Unfortunately, it is difficult to obtain data from a large sample of countries, and sample sizes are often quite small. McCrae et al. (2010) examined the convergent validity of the Big Five scores with 18 nations. The only significant evidence of convergent validity was obtained for neuroticism,r= 0.44 and extroversion,r= 0.45. Openness and kindness even produced small negative correlations,r= -.27,r= -0.05. The largest cross-cultural personality studies had 36 overlapping nations (Allik et al., 2017;Schmitt and others, 2007🇧🇷 The highest convergent validity wasr= 0.4 for extraversion and conscientiousness. low convergent validity,r= 0.2 for neuroticism and agreeableness, and the convergent validity for openness was 0 (Schimmack, 2020). These results demonstrate the difficulty of measuring personality across cultures and the lack of validated measures of cross-cultural personality profiles.

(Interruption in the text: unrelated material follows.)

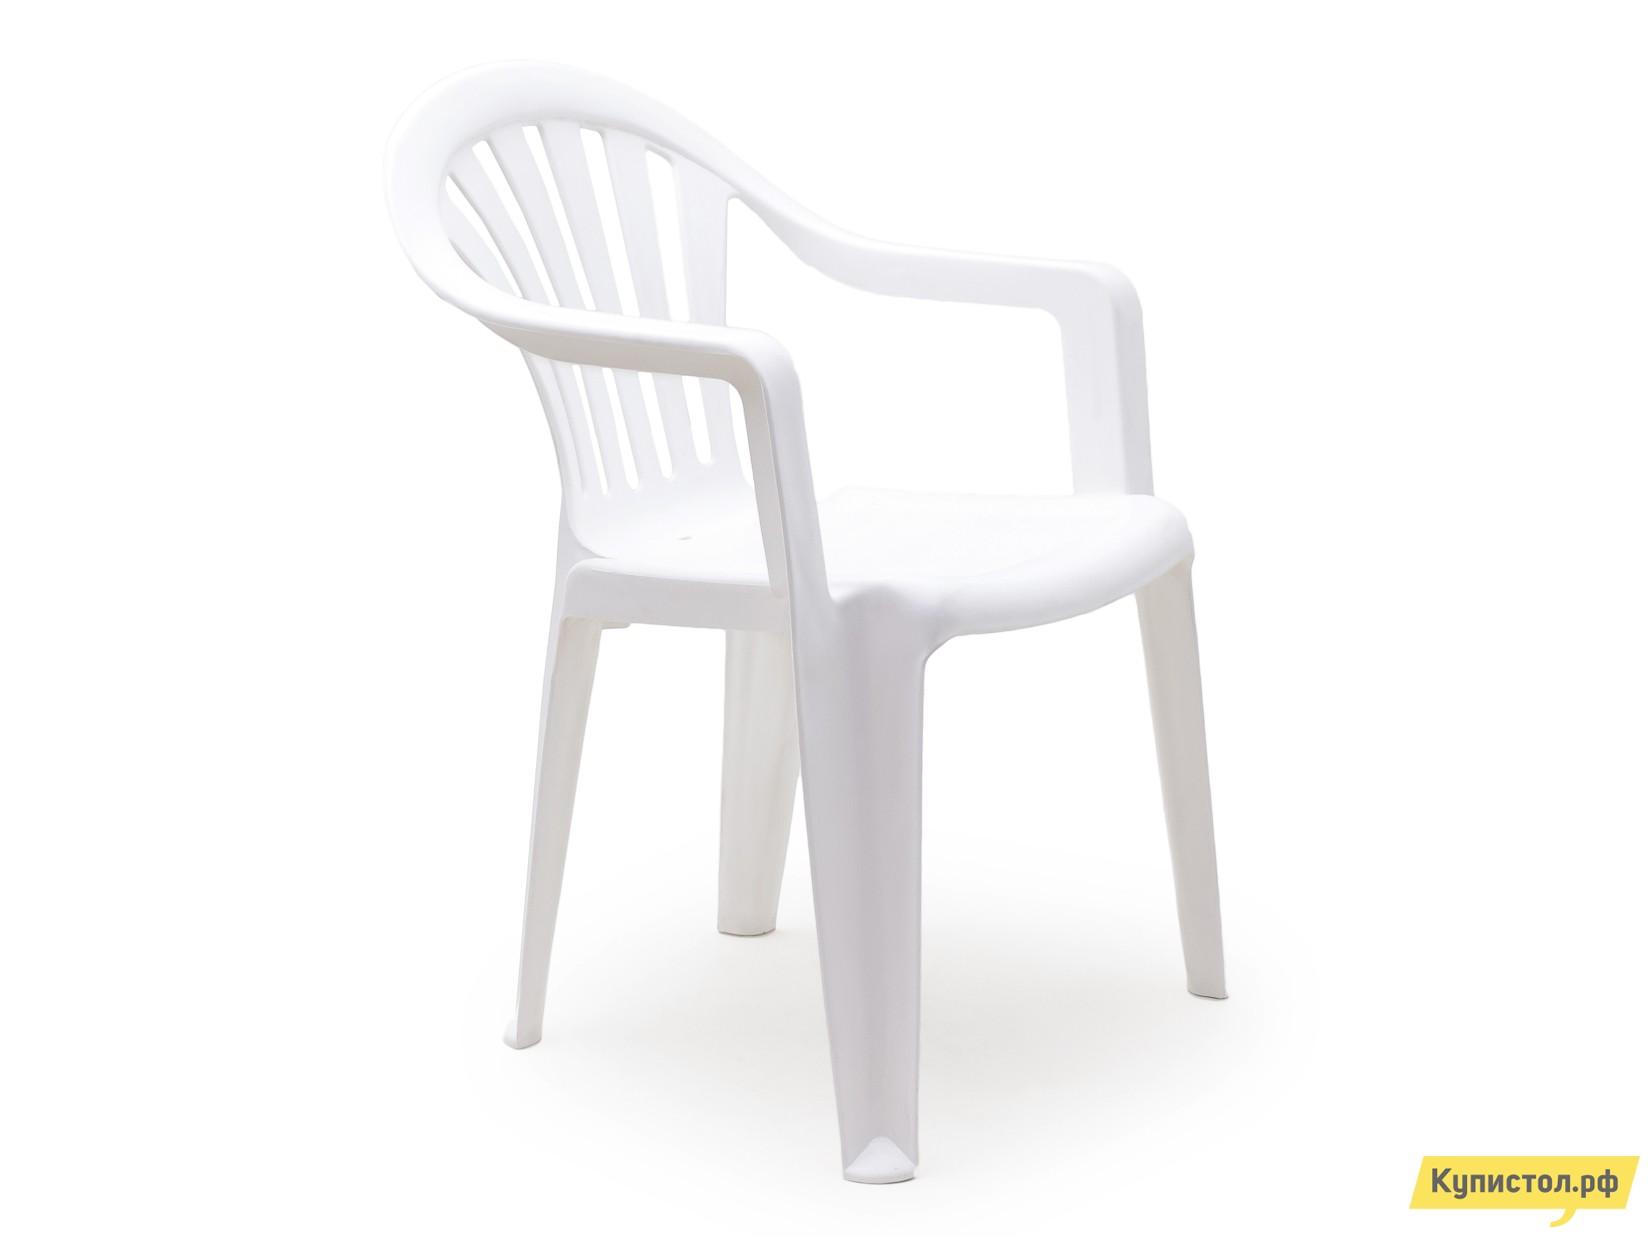 "Пластиковый стул Стандарт Пластик Кресло №1 ""Пальма-1"" (560х550х770мм) Белый"

Factors of the method in the measurement of personality.

Personality self-assessment is known to be influenced by method factors. One factor is a stylistic factor in the use of response formats known as acquiescence bias (Cronbach, 1942, 1965). The other factor reflects individual differences in response to the evaluative importance of items, known as halo bias (Thorndike, 1920). Both methodological factors can distort cross-cultural comparisons. For example, national stereotypes suggest that the Japanese are more conscientious than Americans, but mean conscientiousness scores in cross-cultural studies do not support this stereotype (Oishi & Roth, 2009). Both factors of the method may artificially lower the mean score for Japan because Japanese respondents are less likely to use extreme scores (Min, Cortina and Miller, 2016) and Asians are less likely to increase their scores on desirable traits (Kim, Schimmack, & Oishi, 2012). In this article, we use structural equation modeling to separate method variance from trait variance to distinguish cultural differences in response tendencies from cultural differences in personality traits.

Convenience samples compared to national samples

Another problem for empirical studies of national differences is that psychologists often resort to convenience sampling. The problem with convenience samples is that personality can change with age and there are regional differences in personality within nations (). For example, a sample of students from New York University may be drastically different from a sample of students from Mississippi State University or Iowa State University. While regional differences tend to be small, national differences are as well. are. Therefore, small regional differences can distort national comparisons. To avoid these biases, it is preferable to compare national samples that cover all regions of a nation and a wide age range.

modeling approach

The purpose of our study is to advance research on cultural differences in personality by comparing a Japanese and an American sample who completed the same Big Five personality questionnaire using a measurement model that distinguishes personality factors from method factors. . The measurement model is an improved version of the halo alpha beta model of Anusic et al. (2009) (Schmack, 2019🇧🇷 The model is essentially a three-factor model.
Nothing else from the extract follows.